::: Given material

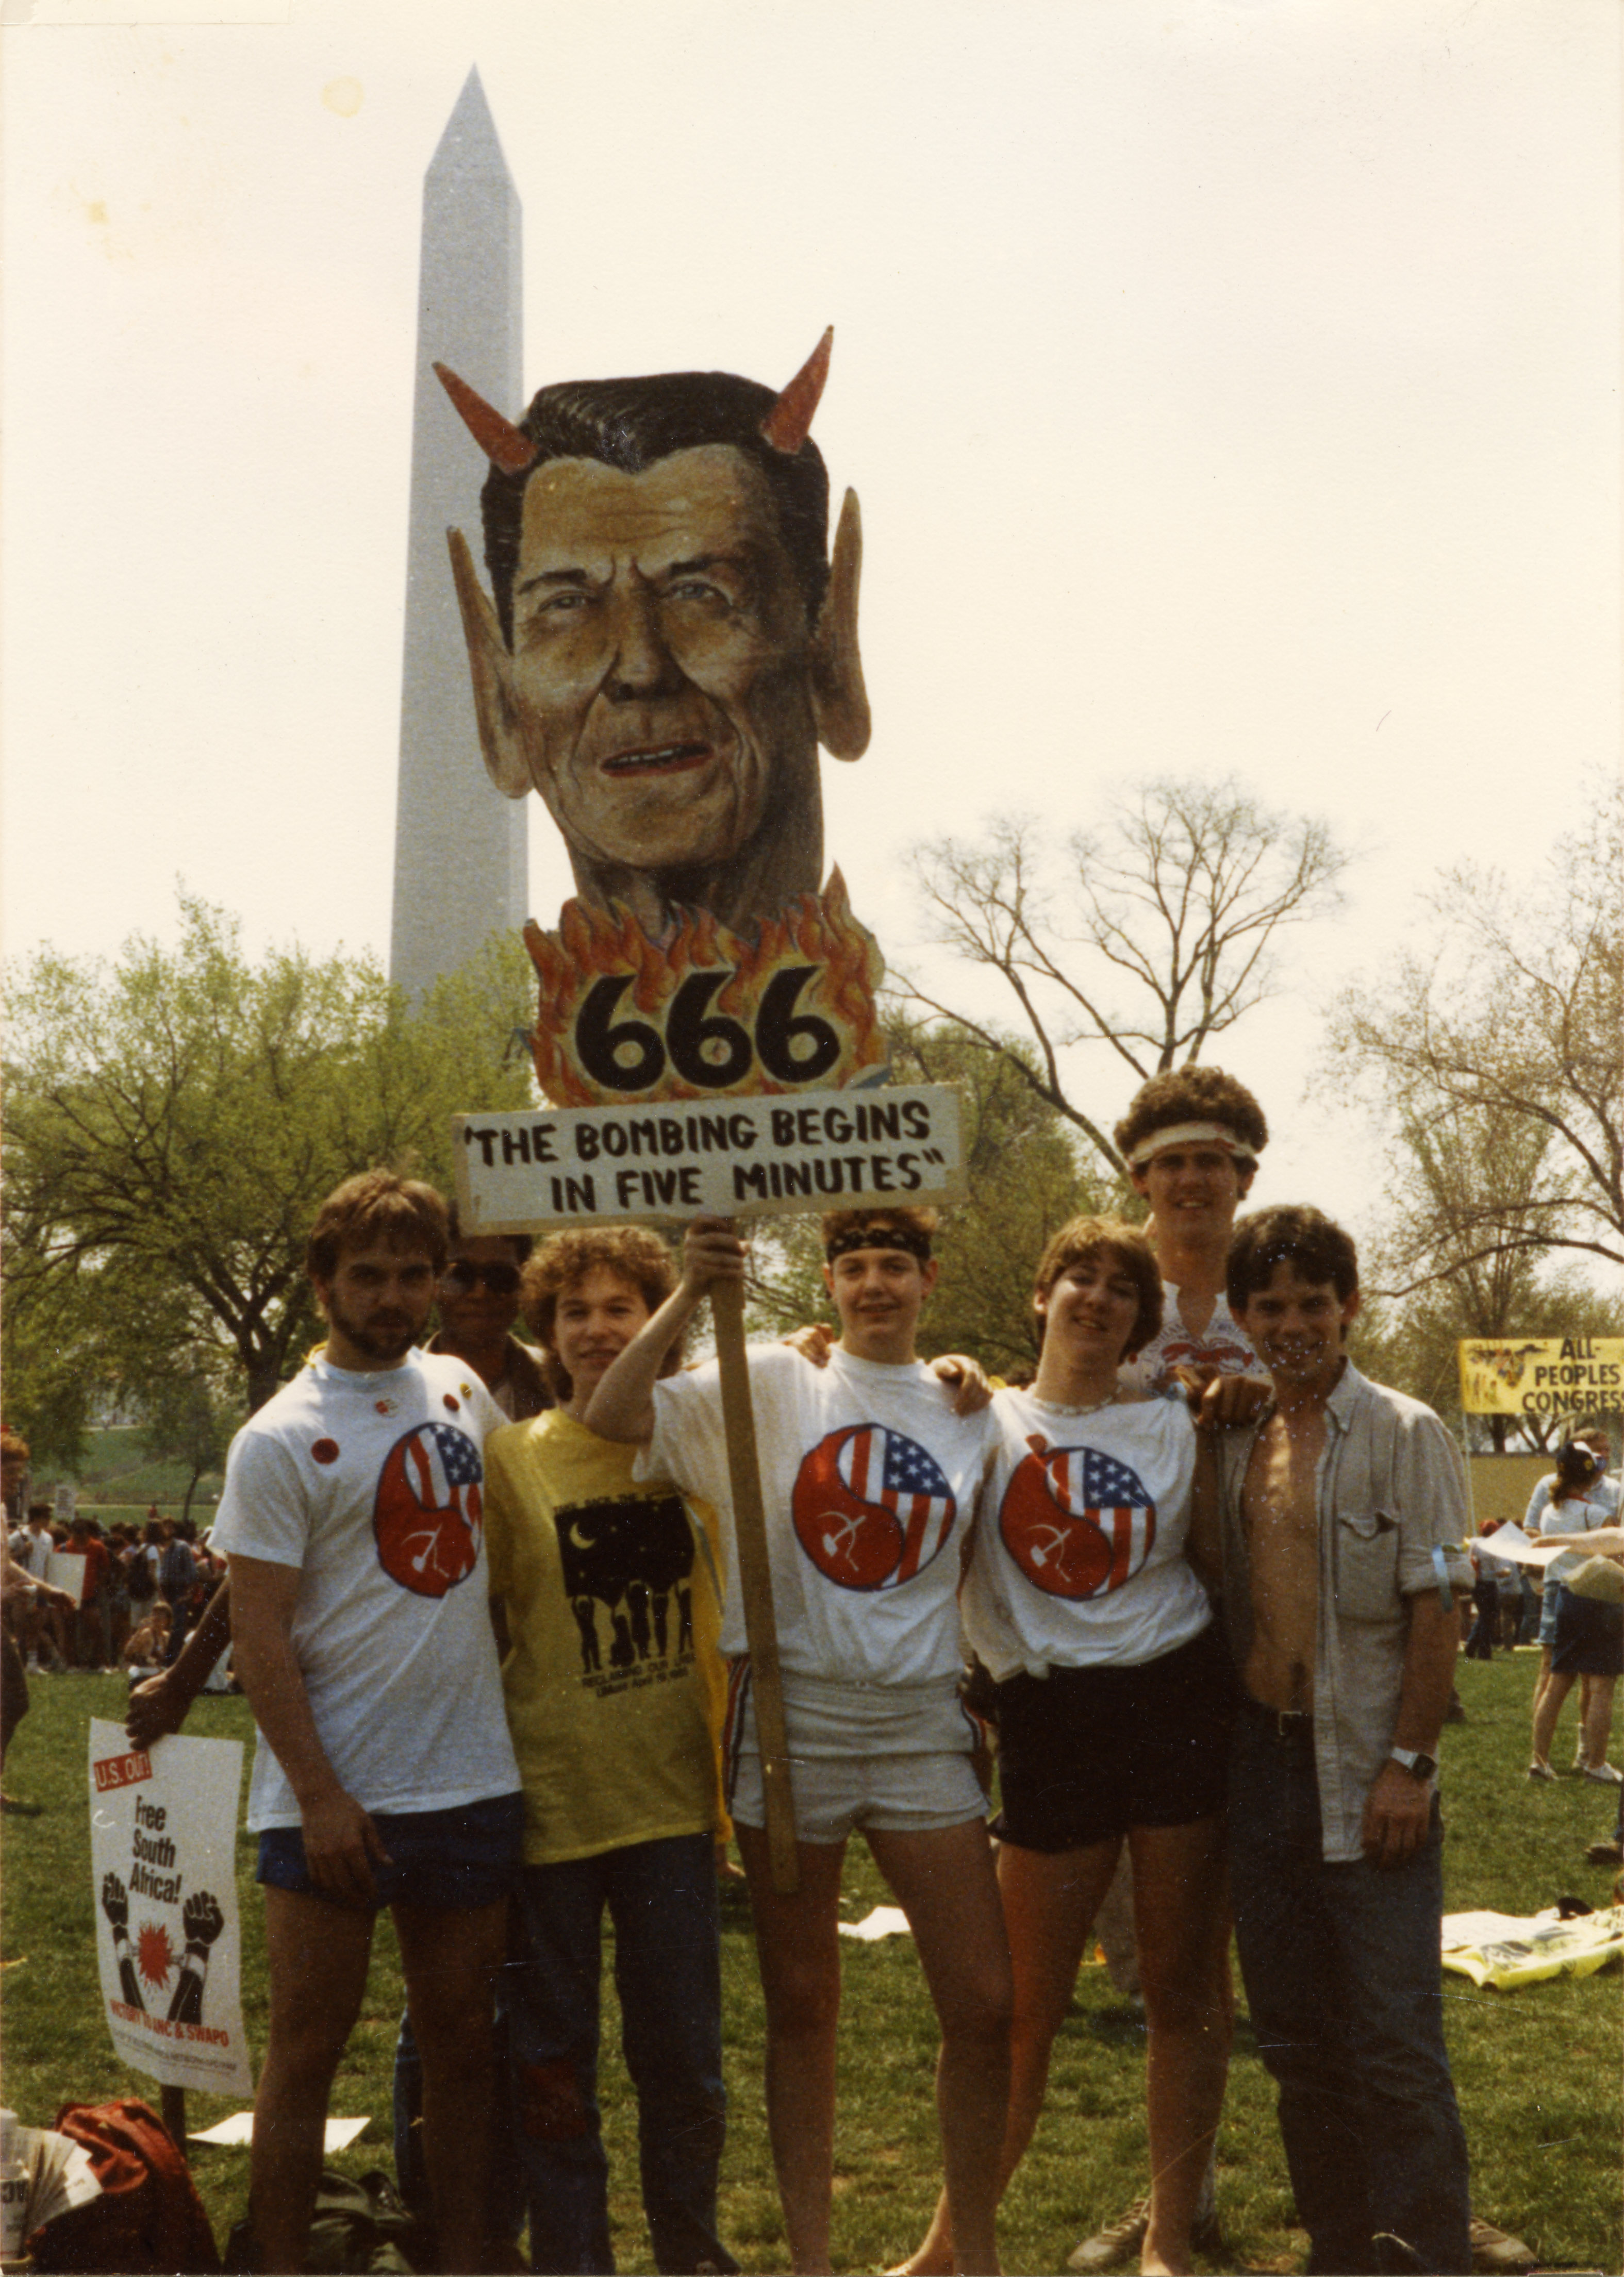 Peacemakers at the Four Days in April protest, Washinton, D.C., April 1985
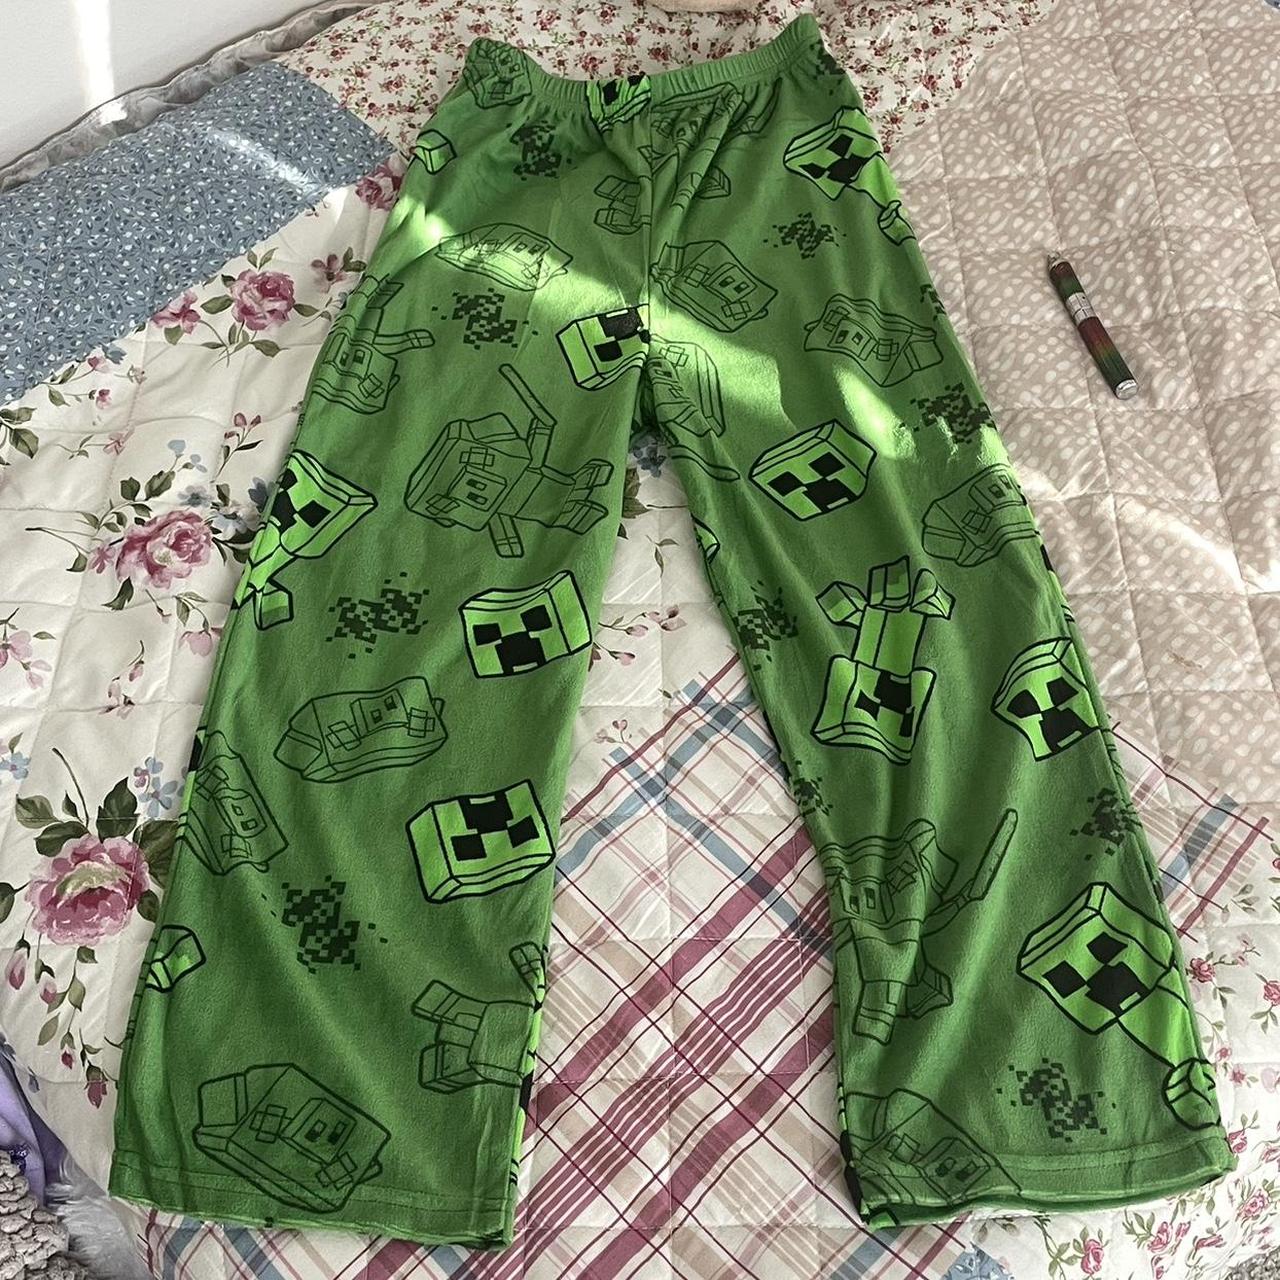 Minecraft boxers Idk size refer to measurements - Depop
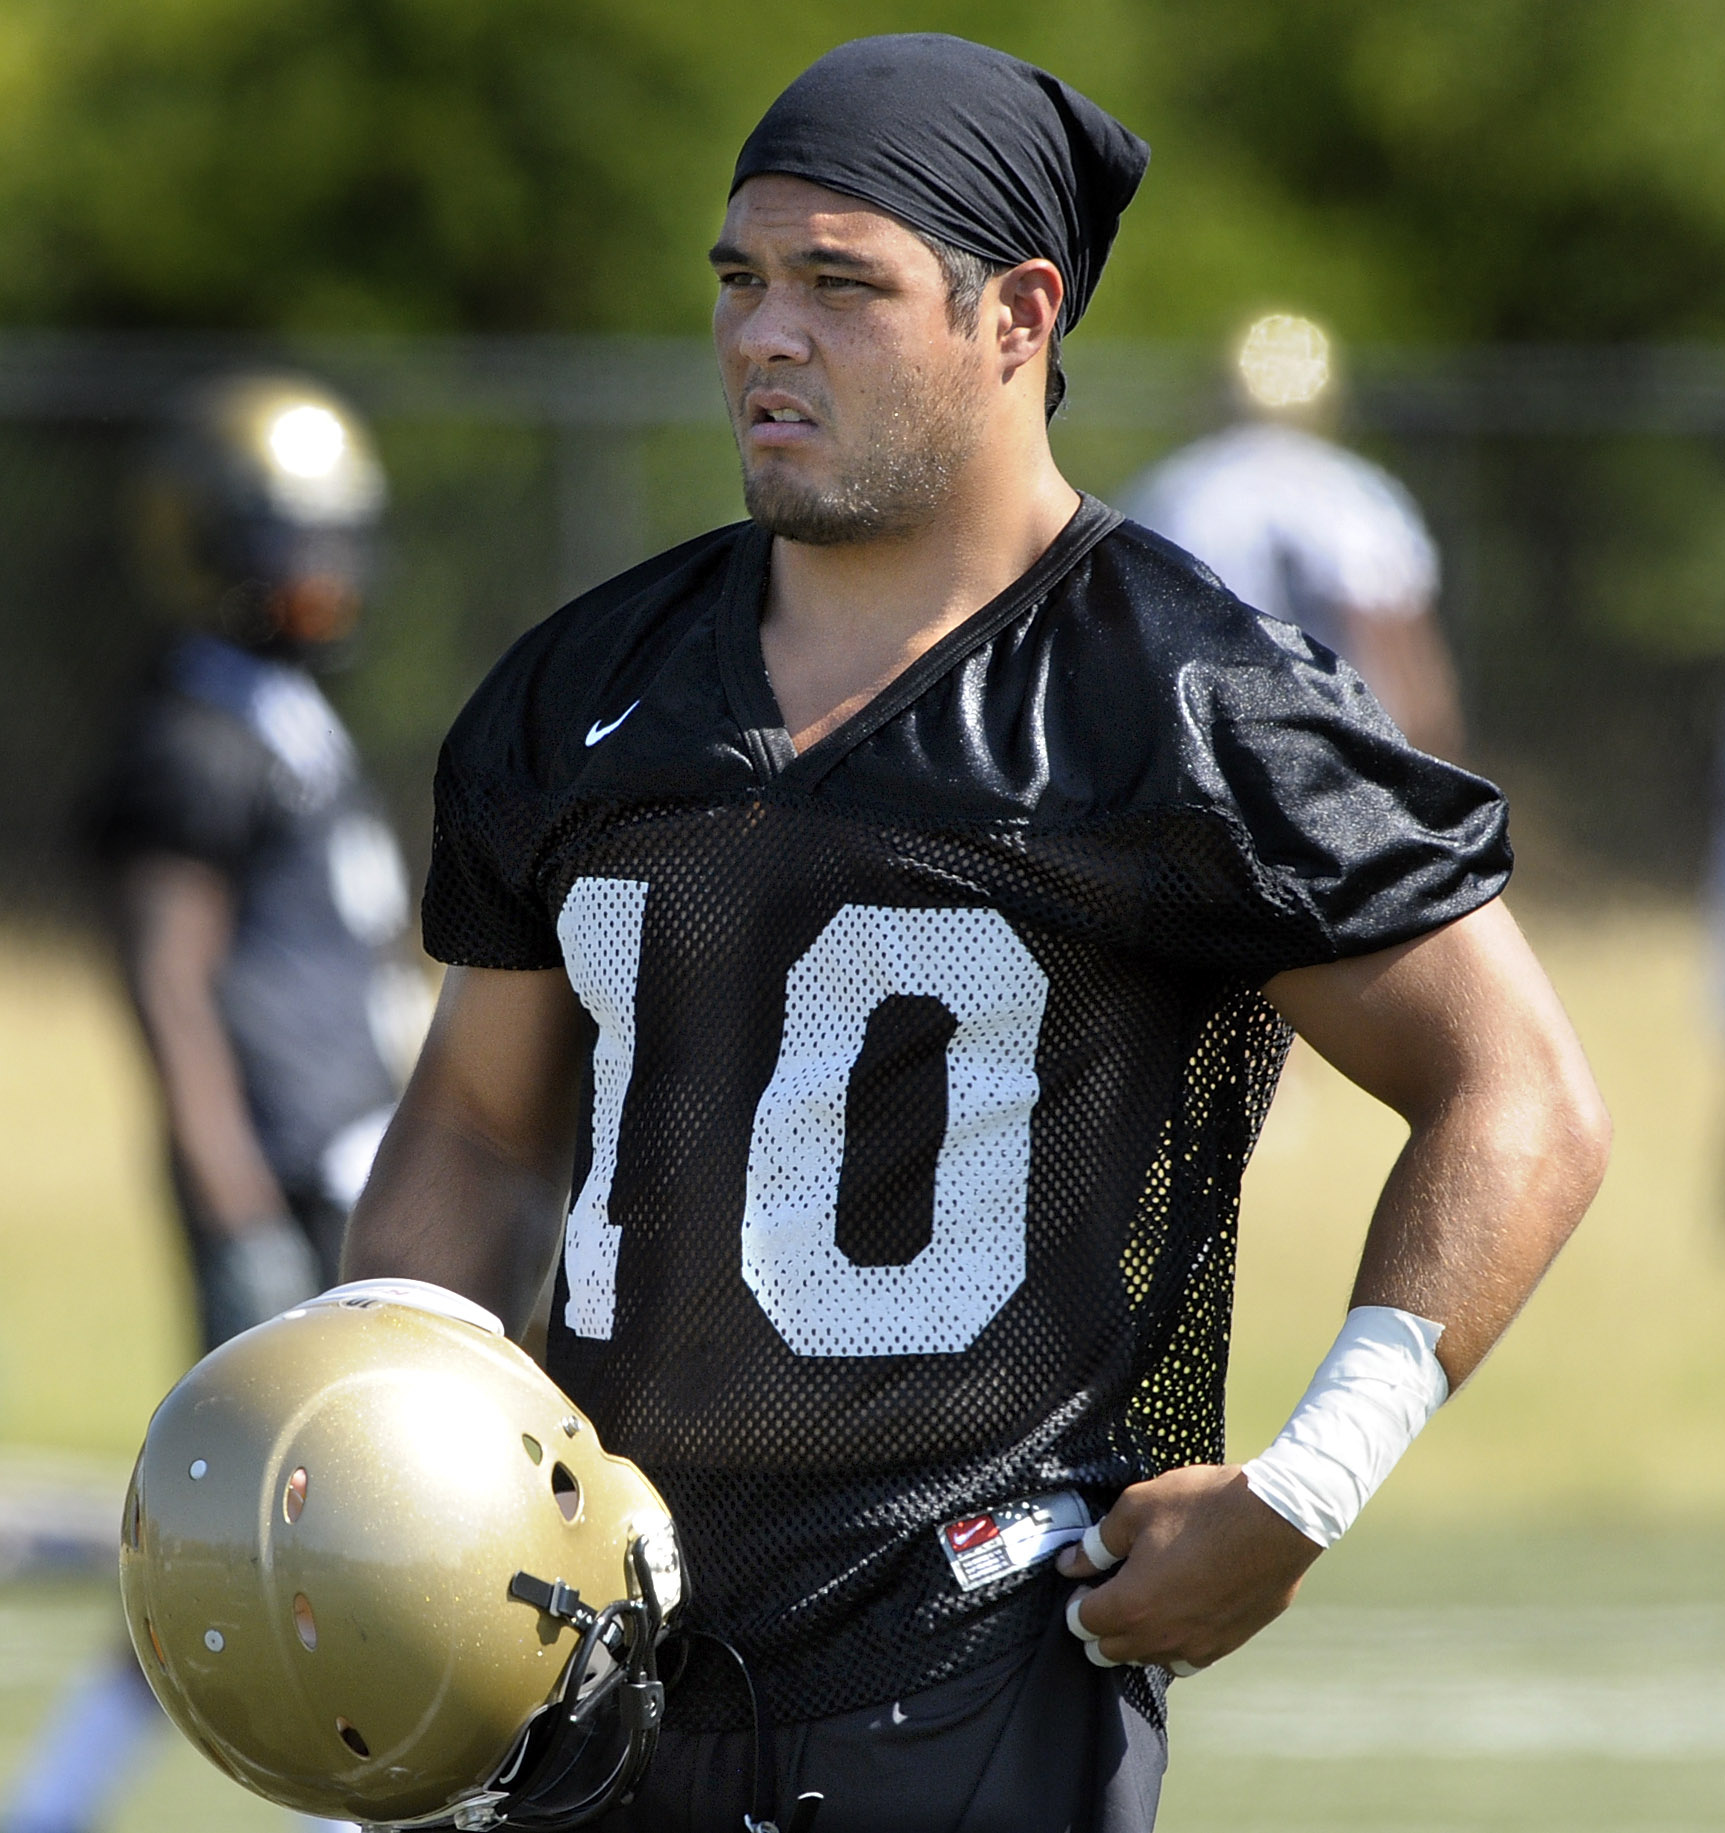 Ex-Vandal Keo works to catch on with Texans | The Spokesman-Review

::::::

Would you restate word for word each line from the one that holds "Minecraft boxers Idk" to the end of the material, both ends included, without the pictures?

 Minecraft boxers Idk size refer to measurements - Depop
 Ex-Vandal Keo works to catch on with Texans | The Spokesman-Review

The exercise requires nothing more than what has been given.